Der Tod von Oligodendrozyten und die Zerstörung der Myelinscheide, begleitet von Verlust von Neuronen und Axonen, sind typische pathologische Befunde bei Läsionen der grauen Substanz bei Personen, die an Multipler Sklerose (MS) leiden)1,2. Kortikale Läsionen lassen sich bisher in drei verschiedene Subtypen2 unterteilen: subpiale, intrakortikale und leukokarkale Läsionen. Im Vergleich zu Plaques der weißen Substanz zeichnen sich Infiltrate durch eine Dominanz von CD8+ T-Zellen aus, was auf eine möglicherweise entscheidende Rolle bei der Entzündung der grauen Substanz hindeutet3. Darüber hinaus finden sich oligoklonale Expansionen im Blut, in der Zerebrospinalflüssigkeit (CSF) und innerhalb entzündlicher Läsionen für CD8+ T-Zellen selbst4-6.
Dementsprechend wird davon ausgegangen, dass CD8+ T-Zellen spezifisch für verschiedene Myelinproteine sein könnten7,8. In der Tat finden sich CD8+ T-Zellen in der Nähe von Oligodendrozyten und Myelinscheiden9,10, die eine MHC I-Expressionaufweisen 11 und daher für den Verlust der Myelinscheide verantwortlich sein könnten. Dieser Prozess wird oft zusammen mit ausgedehnten "kollateralen" neuronalen und axonalen Schäden in der grauen Substanz des Zentralnervensystems (ZNS) beobachtet1,2. Tatsächlich wird der direkte und indirekte Tod von Oligodendrozyten und Neuronen durch CD8+ T-Zellen über zwei verschiedene Mechanismen induziert: (i) Schwellung und Ruptur der Zellmembran aufgrund der Bildung zytotoxischer Granula nach der Freisetzung von Perforinen und Granzymen und (ii) Ligation zu den Fas-Rezeptoren oder Exposition von FasL auf ihrer Oberfläche8,12,13.

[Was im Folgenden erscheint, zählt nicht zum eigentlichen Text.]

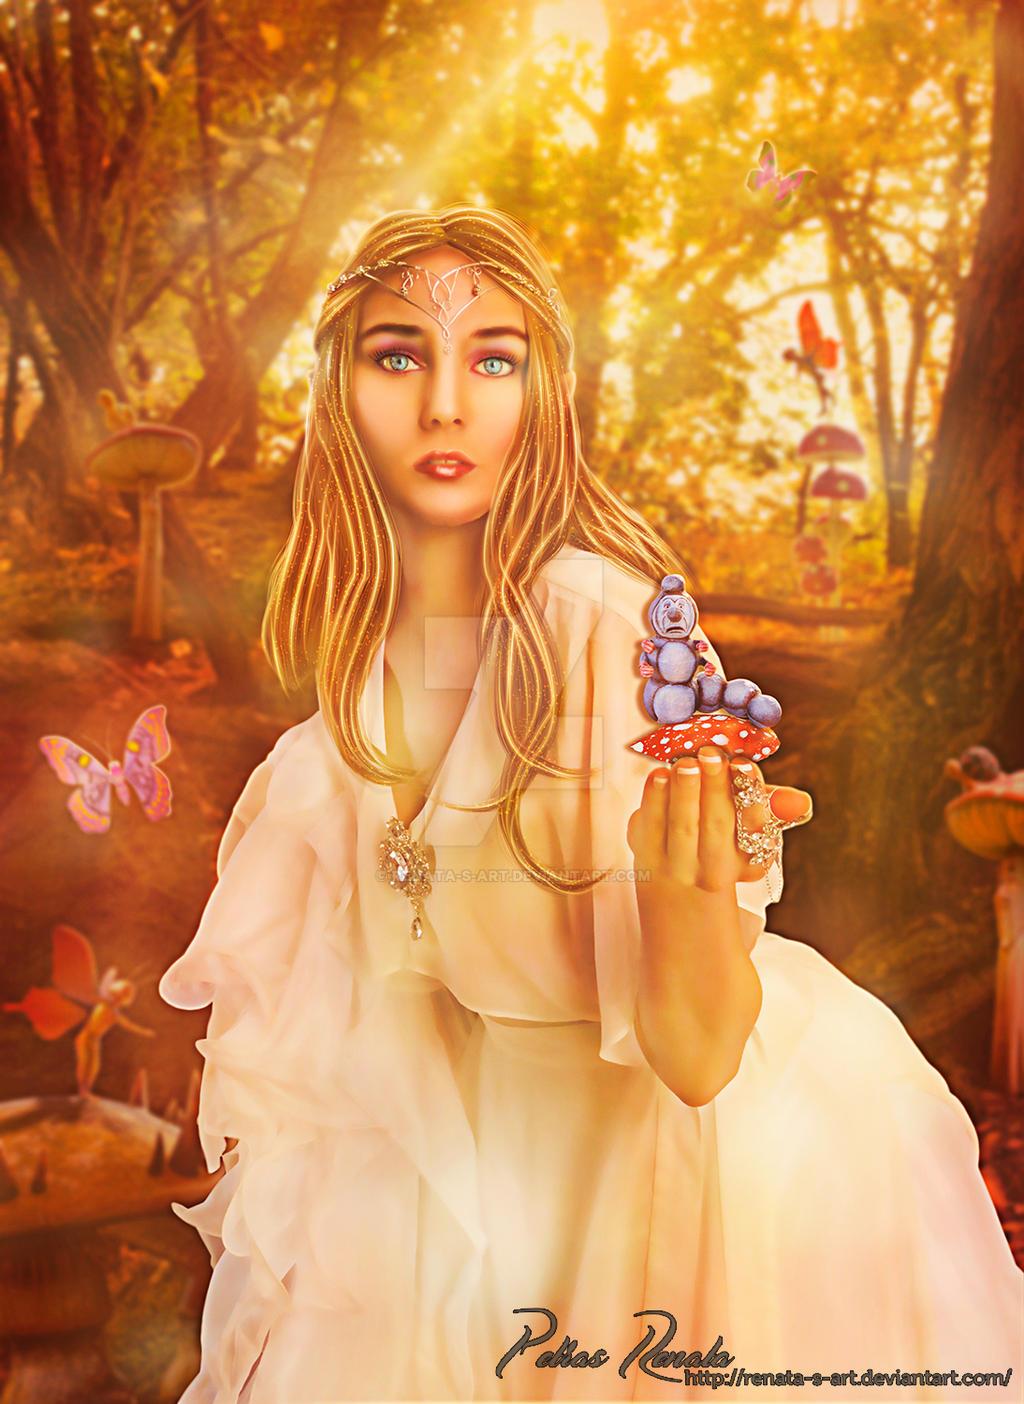 Picking Mushrooms by Renata-s-art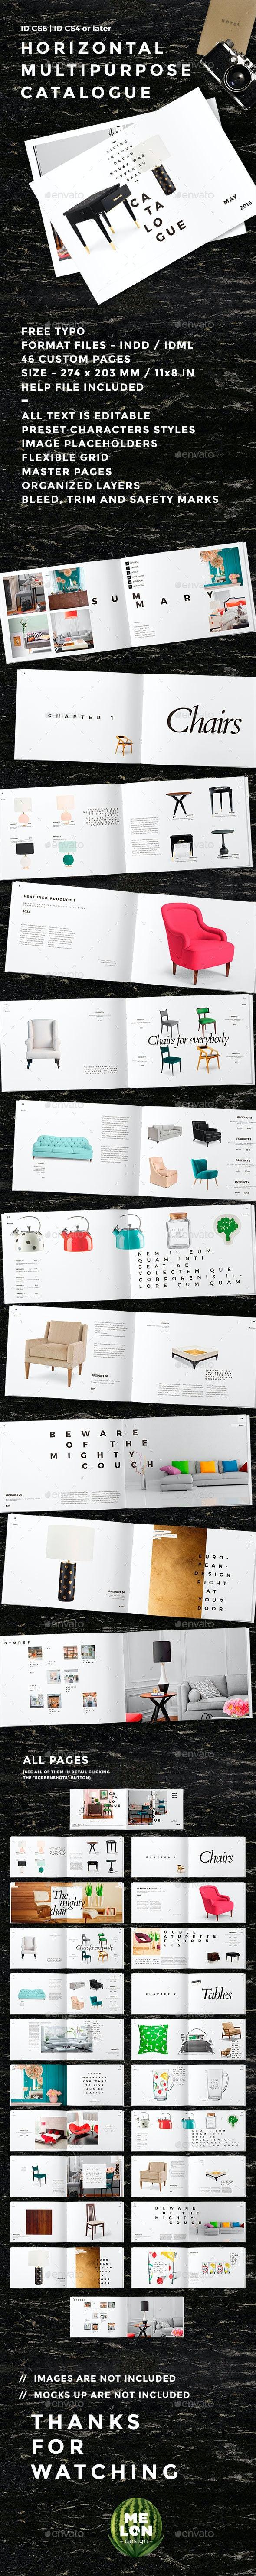 Horizontal Multipurpose Catalogue - Catalogs Brochures

Verschiedene Arten von Tiermodellen werden etabliert, um den zugrundeliegenden Mechanismus der genannten Prozesse zu untersuchen. In dieser Hinsicht können geprimte CD8+ T-Zellen, die spezifisch für Autoantigene mit induzierter Expression in ZNS-Gliazellen sind, wie Oligodendrozyten oder Astrozyten, adoptiv übertragen werden, um anschließend den "kollateralen" neuronalen und axonalen Tod in der grauen Substanz zu analysieren14,15. Die Durchführung solcher in vivo Experimente ist eine große Hilfe, um einige pathophysiologische Aspekte der MS nachzuahmen, jedoch ist dieser Ansatz nicht geeignet, um den zugrunde liegenden Mechanismus und die Kinetik der axonalen Schädigung und der neuronalen Apoptose aufzuklären.
Um diese Einschränkungen zu überwinden, wurde ein ex vivo-Ansatz entwickelt, um die Mechanismen und den zeitlichen Verlauf des neuronalen Zelltods nach einem Oligondendrozyten-gerichteten CD8+ T-Zell-Angriff zu untersuchen. Da nur die Produktion von Oligodendrozyten und damit die Produktion von Myelinscheiden von Immunzellen angesteuert werden sollte, werden MHC-Klasse-I-beschränkte, Ovalbumin (OVA)-reaktive OT-I-T-Zellen verwendet16. Diese Zellen werden anschließend in Hirnschnitte übertragen, die von Mäusen gewonnen wurden, die selektiv OVA in Oligodendrozyten exprimieren (ODC-OVA-Mäuse)17.